*THE PROBLEM:*
Required from the data below: the exact lines starting at the line containing "Green grass lawn" and ending at the line containing "10 Tips For", with both ends kept and all pictures dropped.

*PROVIDED RECORDS:*
____
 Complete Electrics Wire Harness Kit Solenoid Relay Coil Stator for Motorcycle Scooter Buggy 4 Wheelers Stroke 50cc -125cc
____
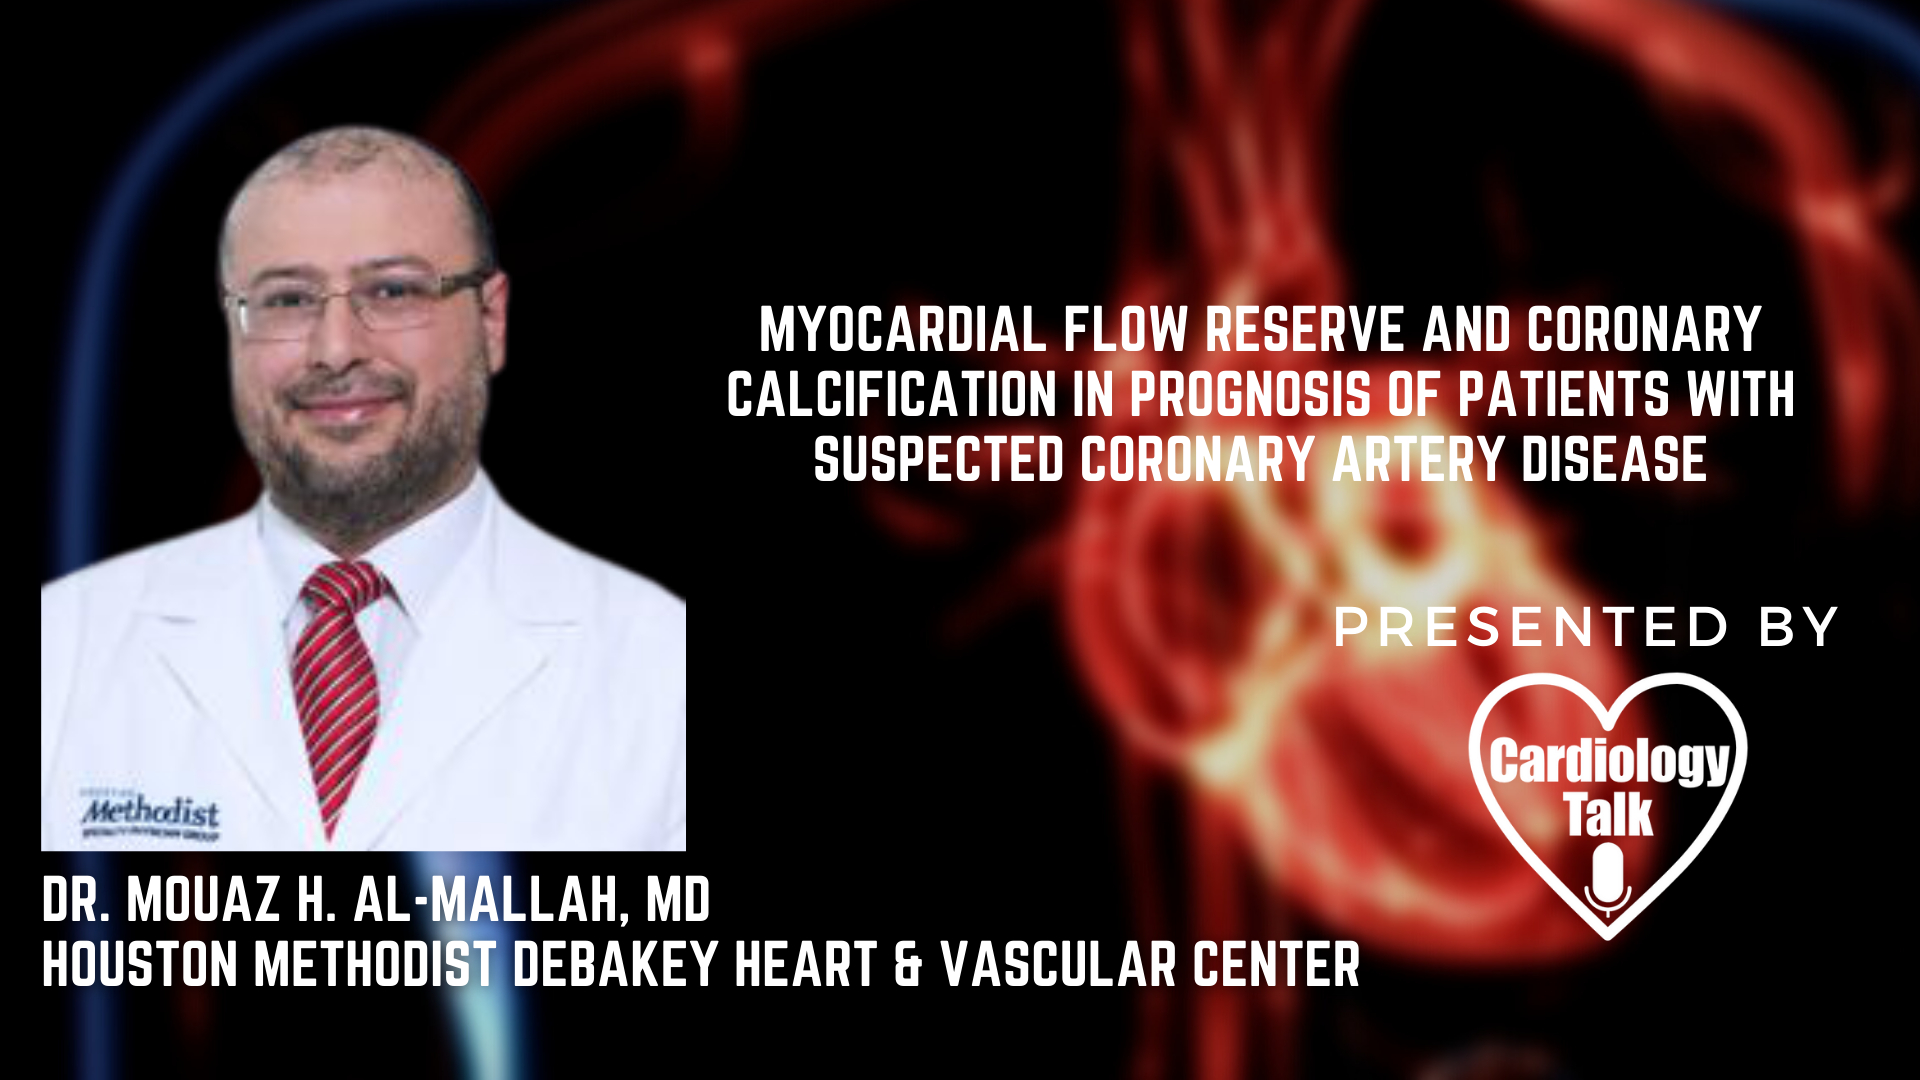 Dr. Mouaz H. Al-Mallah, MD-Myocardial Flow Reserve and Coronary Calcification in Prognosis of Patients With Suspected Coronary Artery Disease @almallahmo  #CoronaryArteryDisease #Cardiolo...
____
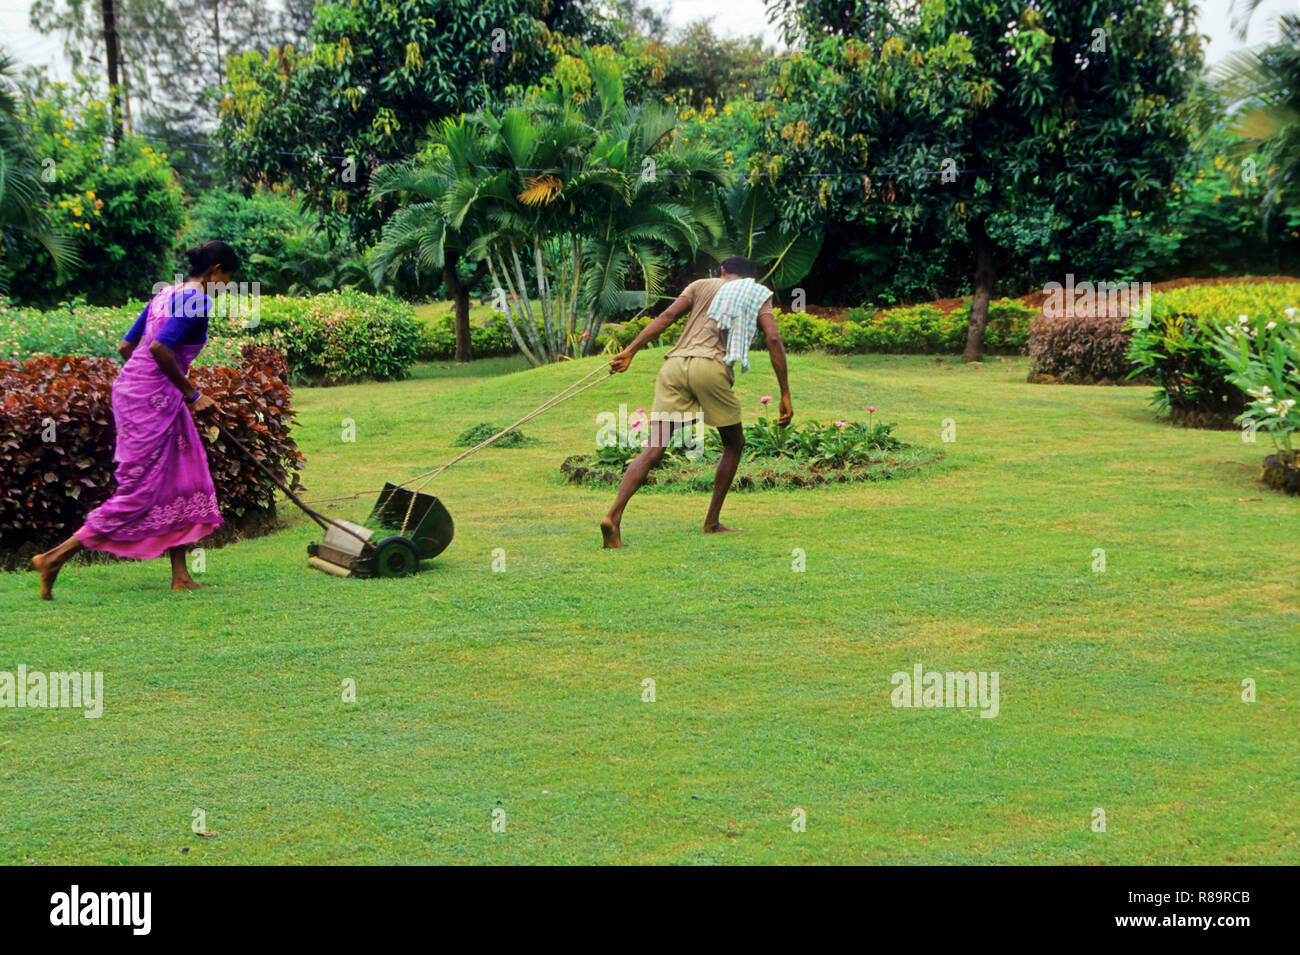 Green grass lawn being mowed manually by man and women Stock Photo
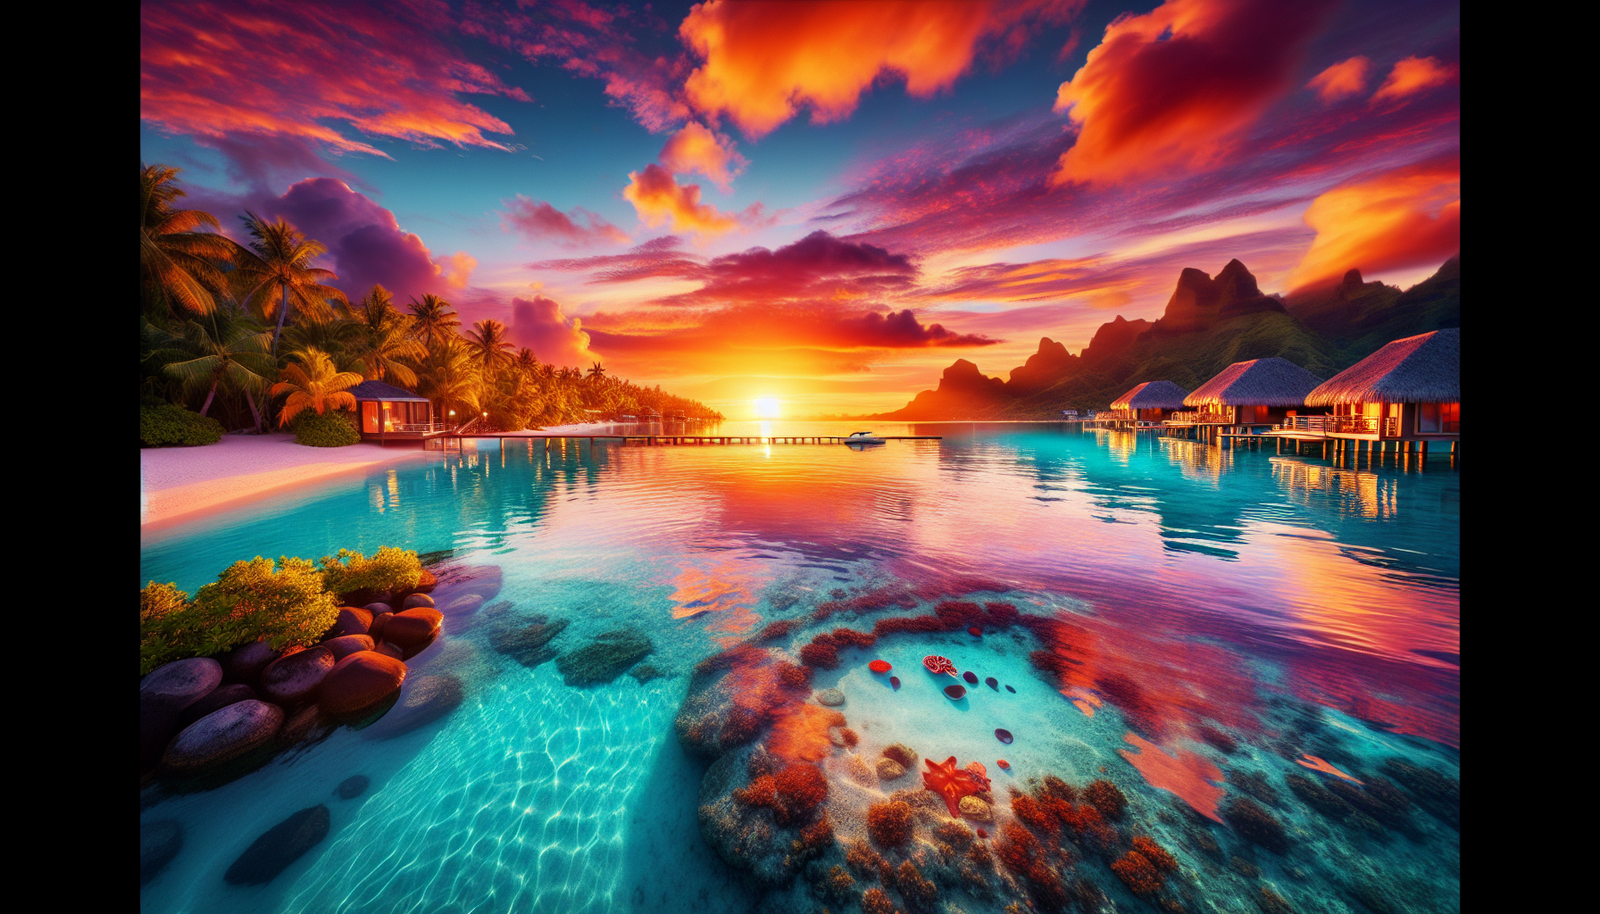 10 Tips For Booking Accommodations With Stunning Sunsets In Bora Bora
____
*TASK RESULT:*
 Green grass lawn being mowed manually by man and women Stock Photo
 10 Tips For Booking Accommodations With Stunning Sunsets In Bora Bora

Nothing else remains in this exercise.